WORK REQUIRED:
With every picture left out, restate the listing below exactly as written.

RAW DATA:
☆ ☆ ☆ ☆ ☆
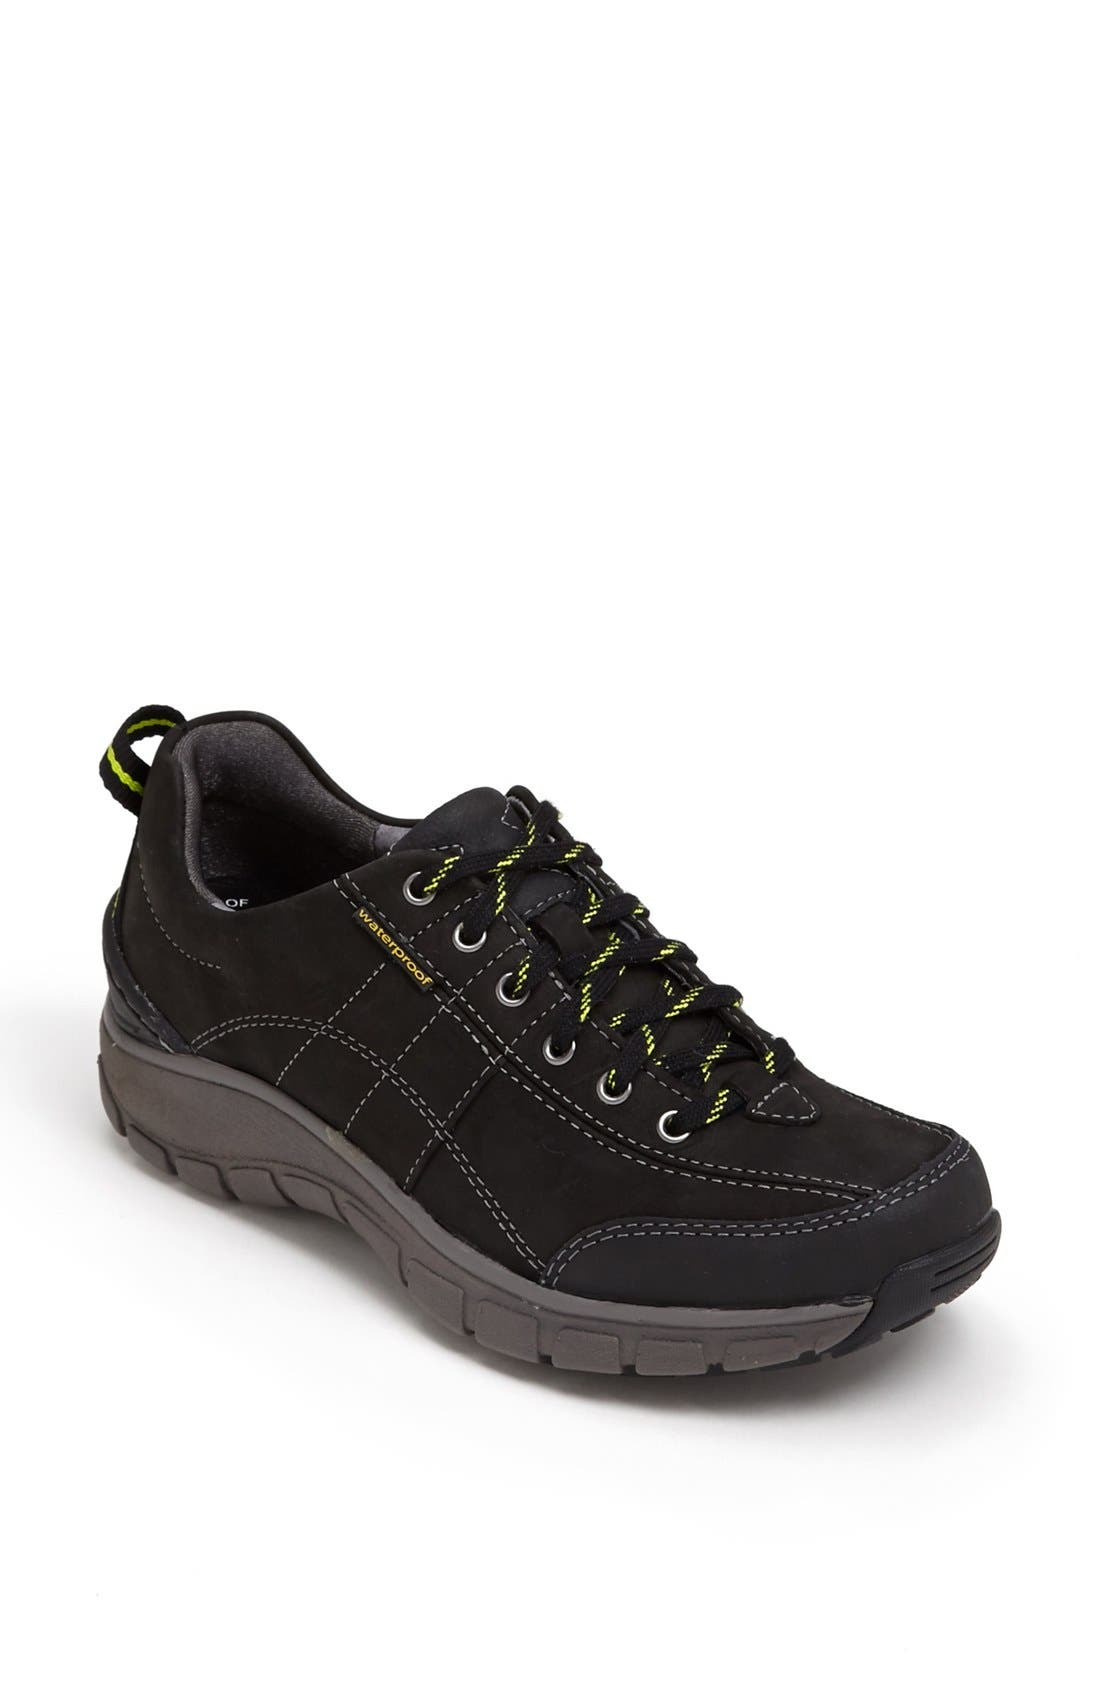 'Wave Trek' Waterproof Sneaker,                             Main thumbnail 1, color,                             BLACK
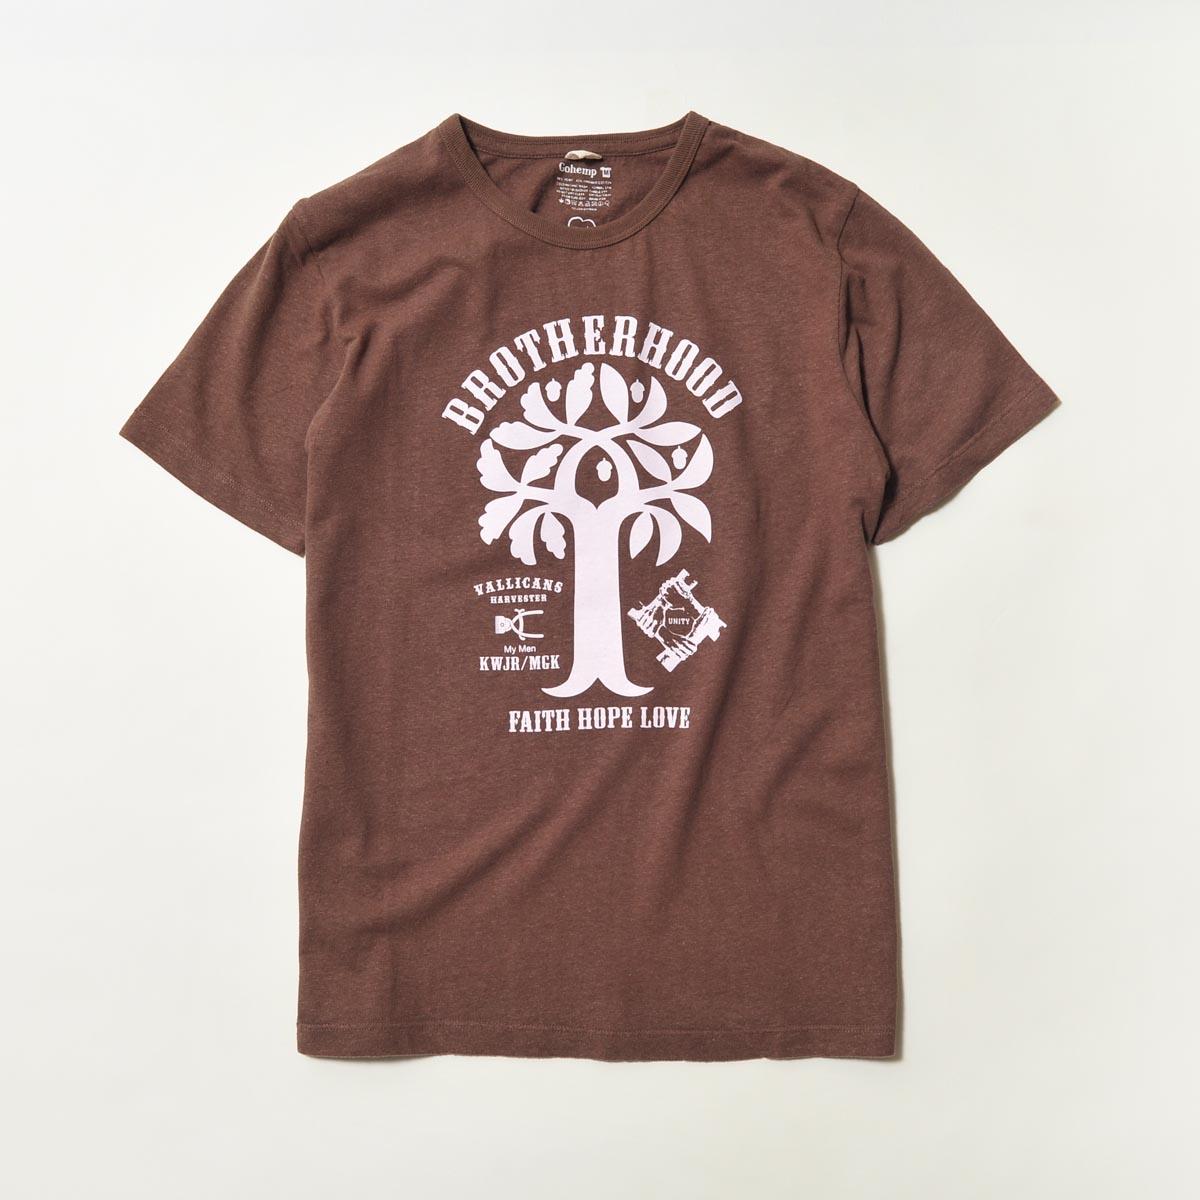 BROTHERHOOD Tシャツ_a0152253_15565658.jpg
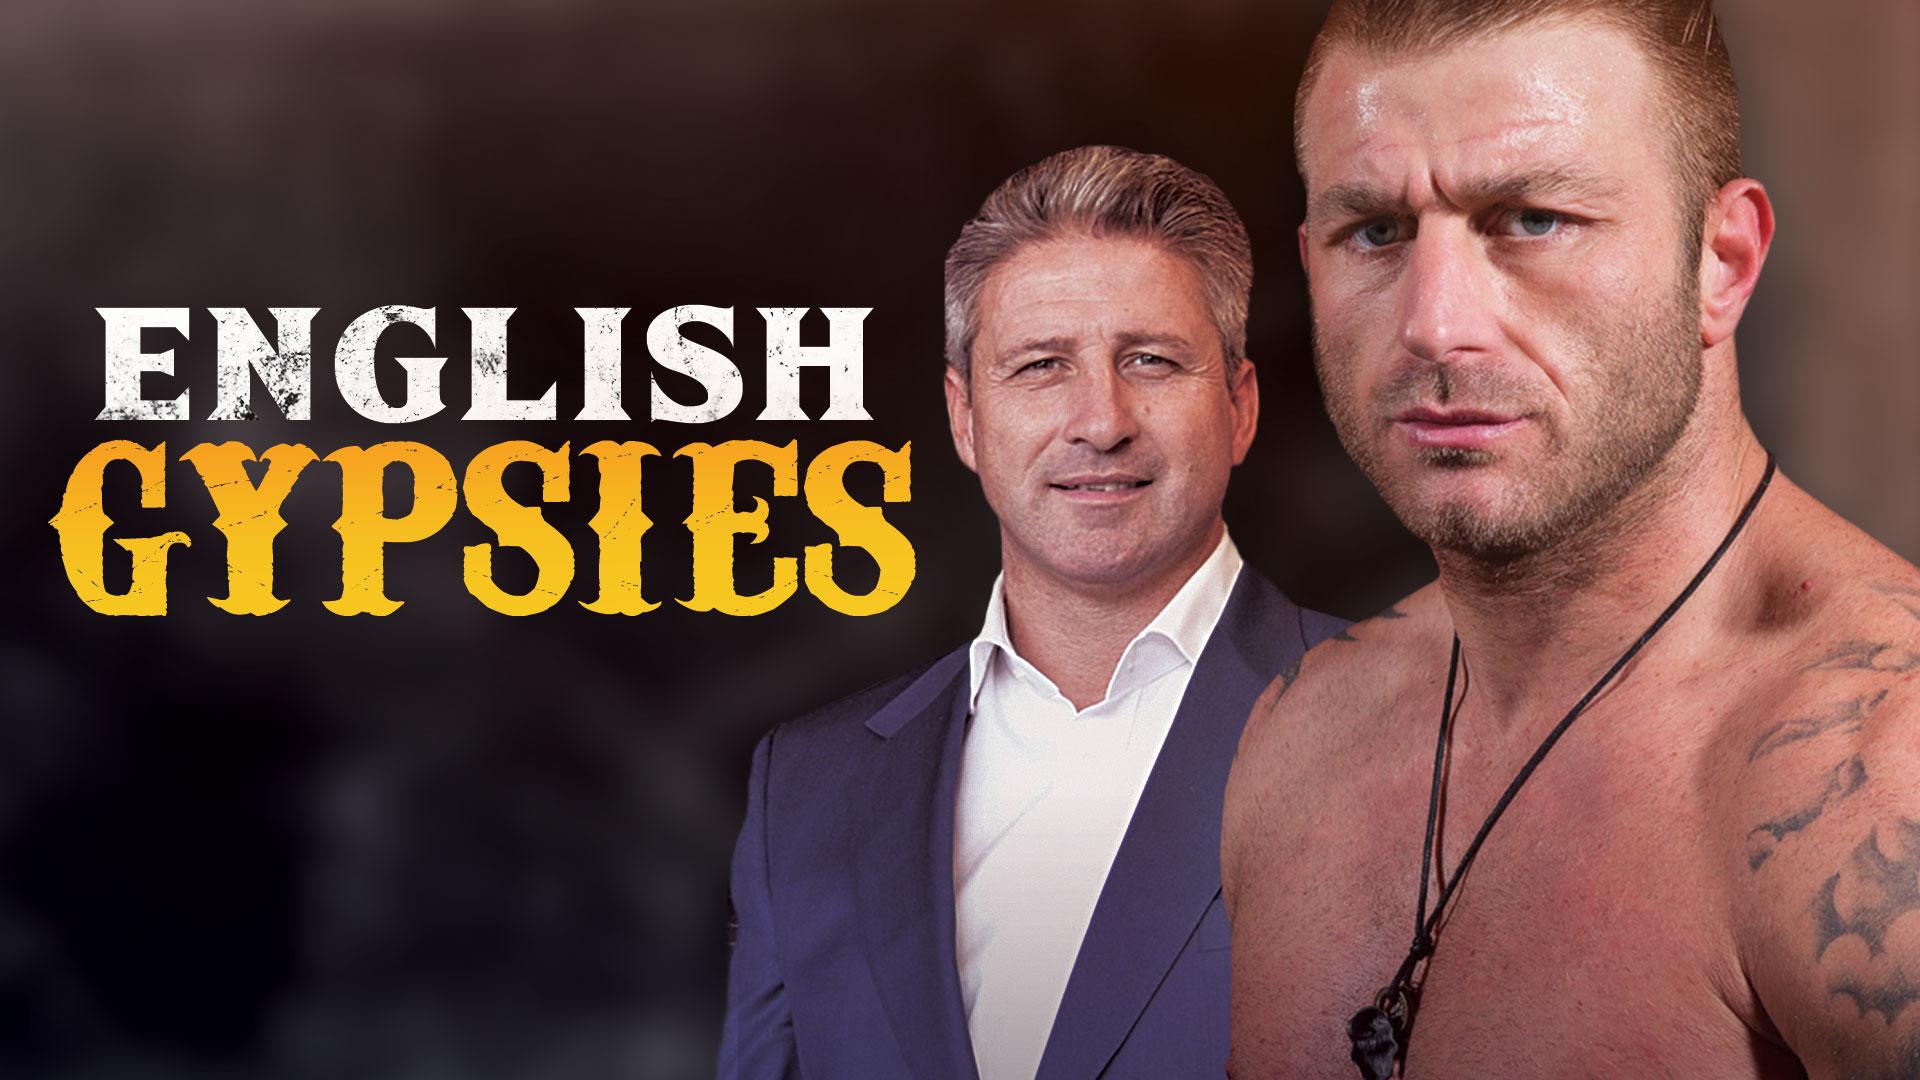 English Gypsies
☆ ☆ ☆ ☆ ☆
YOUR RESPONSE:
 'Wave Trek' Waterproof Sneaker,                             Main thumbnail 1, color,                             BLACK
 BROTHERHOOD Tシャツ_a0152253_15565658.jpg
 English Gypsies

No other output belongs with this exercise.